Some of you might be hmpf-ing at me and asking, "What makes you think you will even live till next year? Your obesity will kill you soon!"

First of all, I am trying my best to diet in the midst of ba kwa and unlimited snacks lying around, ok! Stop saying I am fat!

Secondly, I am determinded to stay alive till next year at least, because I NEED to read the last Harry Potter book before I die!

Harry Potter and the Deathly Hallows.

Doesn't it sound extremely forbidding and exciting? YES IT DOES!

I'm going to go into Harry Potter frenzy again!! JK Rowling announced that the book will be published on 21st July, and that, my blogders, will be the day I... no, one day after that (gimme some time to read the book), will be the day you can kill me.

I mean, of course I still won't be very happy about being killed, but hey, at least I won't be pondering in hell what happened to Harry...

Bill and Fleur are gonna get married! And Victor Krum is coming back into the scene! How will Ron react? Is Dumbledore really dead? How did Rowling get so funny?

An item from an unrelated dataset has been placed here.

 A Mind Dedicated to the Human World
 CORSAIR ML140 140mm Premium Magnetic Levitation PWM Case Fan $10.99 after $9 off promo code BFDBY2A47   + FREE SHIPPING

She is so totally my favourite writer. I know you guys thought I sounded really stupid in that GoL ep with SPG but I am NOT kidding when I said that the Harry Potter series (as a whole) is my favourite book in the world.

Why would people choose a cheam and dull book to be their favourite? The Harry Potter series is intriguing and funny and a breeze to read. Perfect! I am not ashamed of my choice and I will not be conformed into saying any other book is my favourite!

ANYWAY!

A few pictures. It's like a Mike Galore, I shot so much pictures of him!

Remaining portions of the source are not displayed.